→ GIVEN ENTRIES
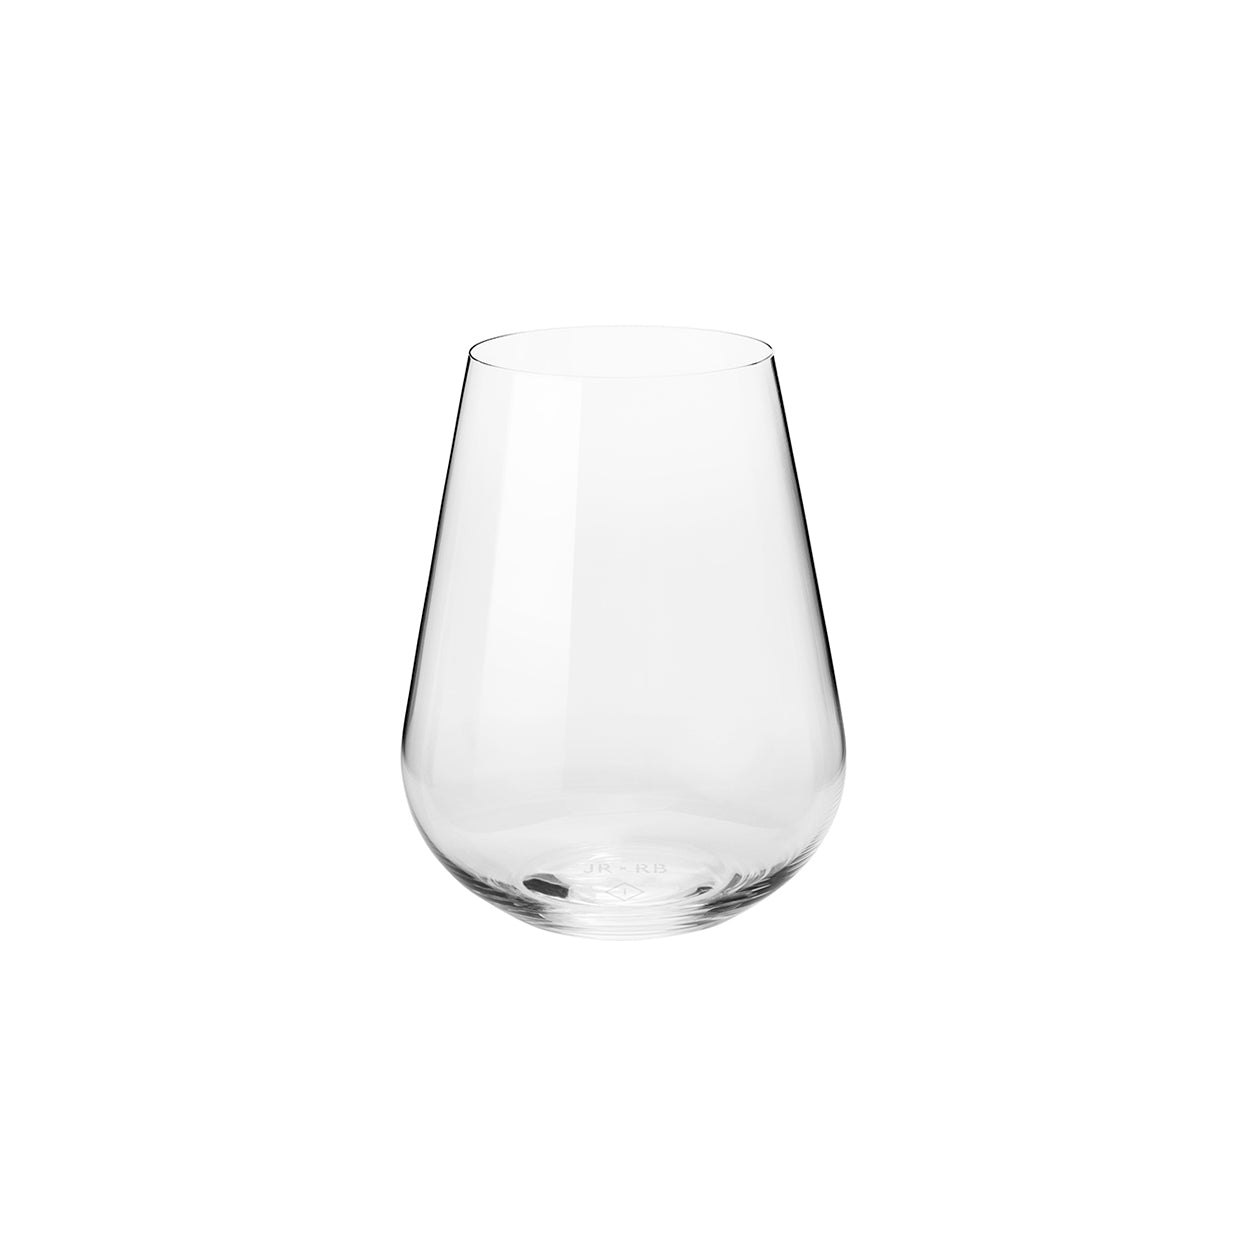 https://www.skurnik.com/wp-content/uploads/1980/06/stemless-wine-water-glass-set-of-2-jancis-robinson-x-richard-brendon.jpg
==
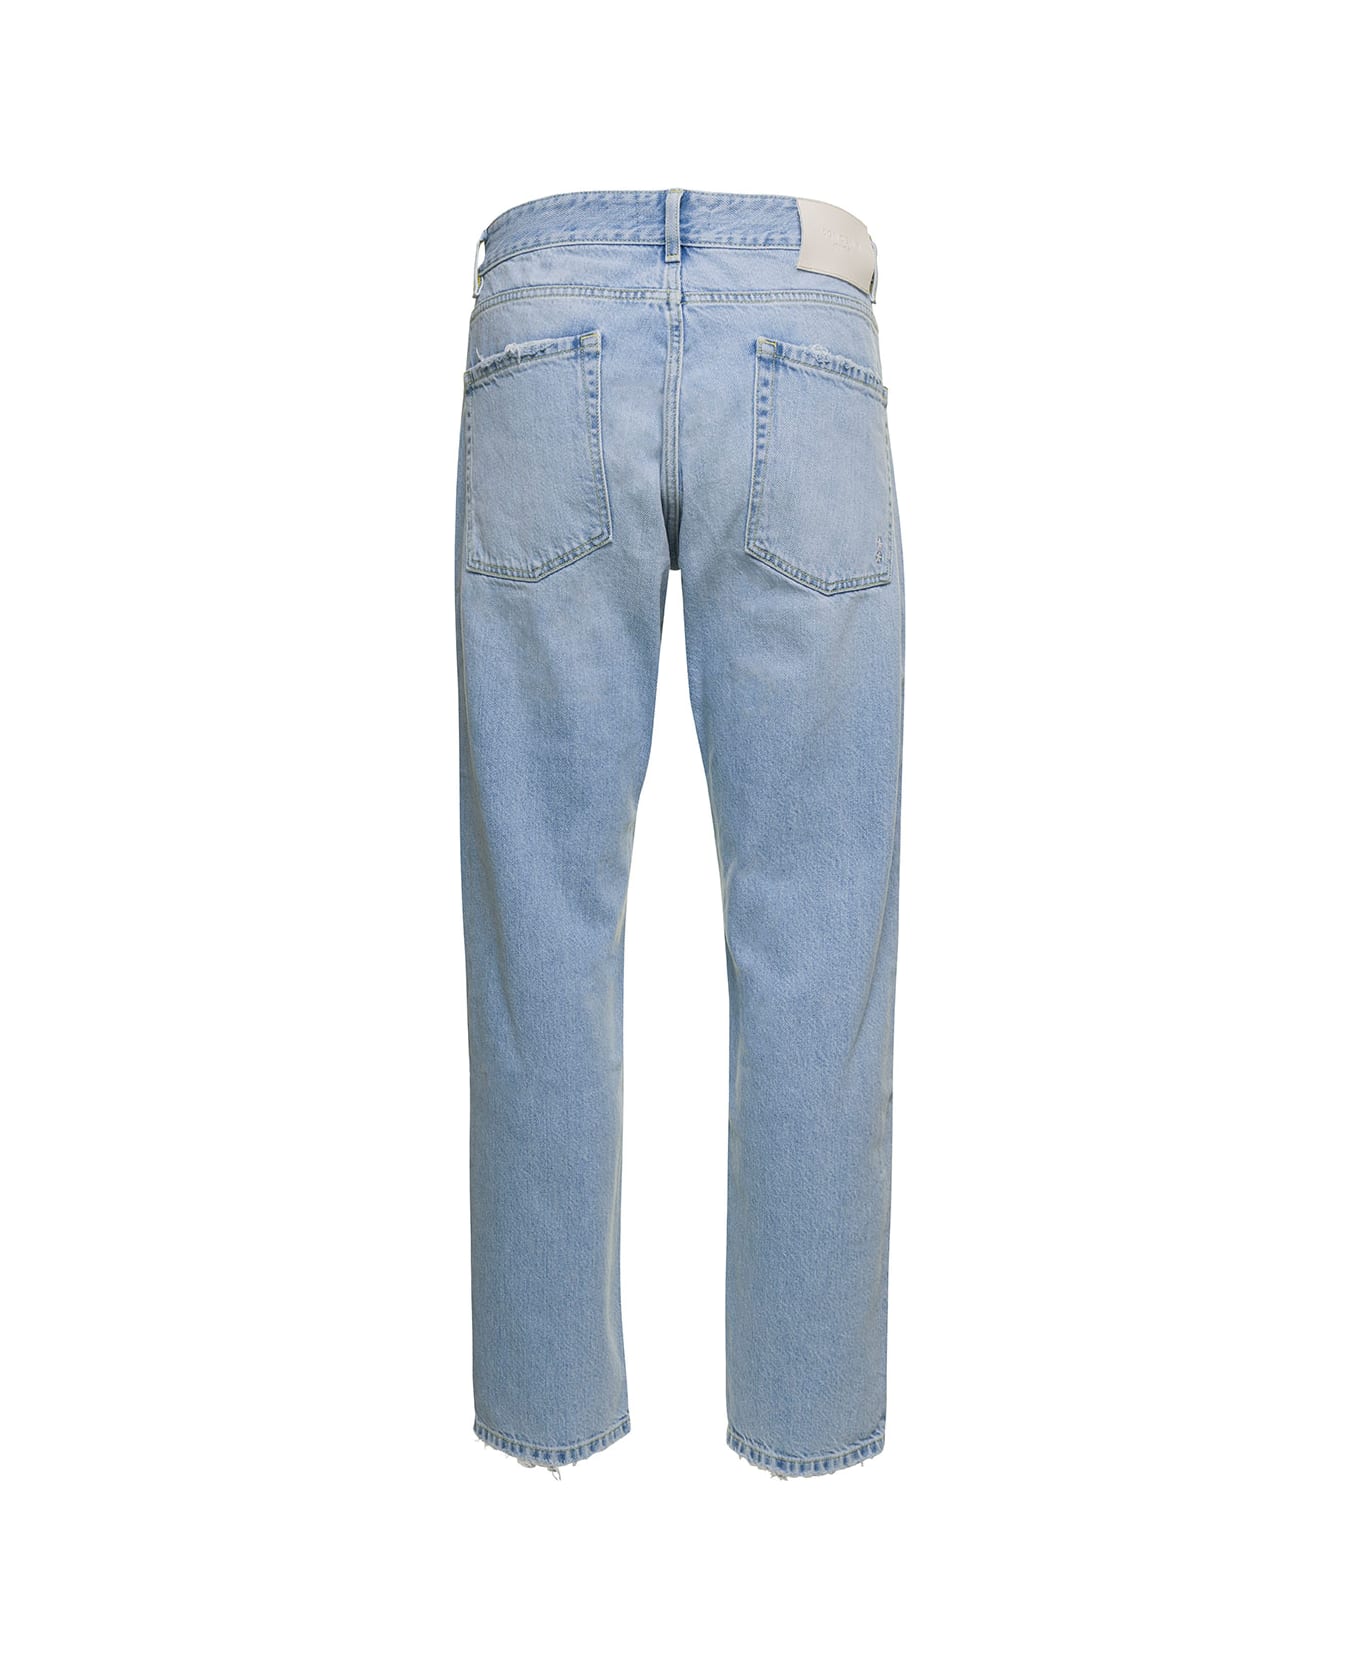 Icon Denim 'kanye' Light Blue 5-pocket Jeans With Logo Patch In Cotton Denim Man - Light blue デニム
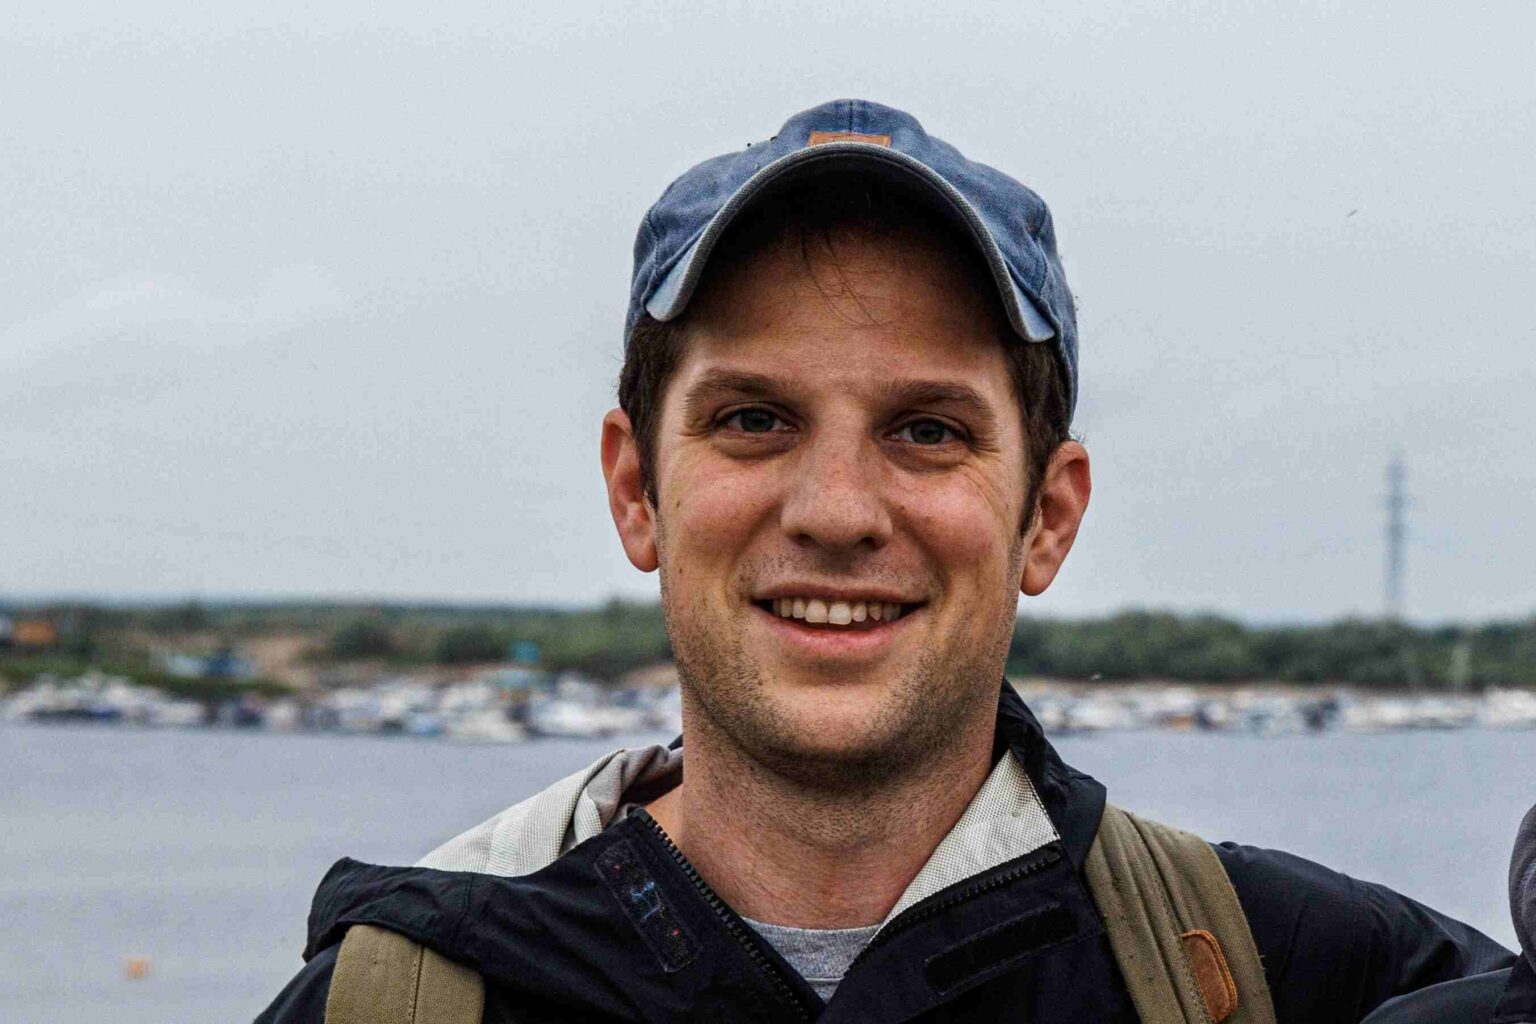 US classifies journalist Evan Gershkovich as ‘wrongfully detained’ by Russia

→ EXERCISE GOAL
Within the listing above, print exactly the stretch beginning at the line that contains "Icon Denim 'kanye'" and finishing at the line that contains "US classifies journalist", ends kept, pictures left out, and nothing more.

→ RESPONSE BOX
 Icon Denim 'kanye' Light Blue 5-pocket Jeans With Logo Patch In Cotton Denim Man - Light blue デニム
 US classifies journalist Evan Gershkovich as ‘wrongfully detained’ by Russia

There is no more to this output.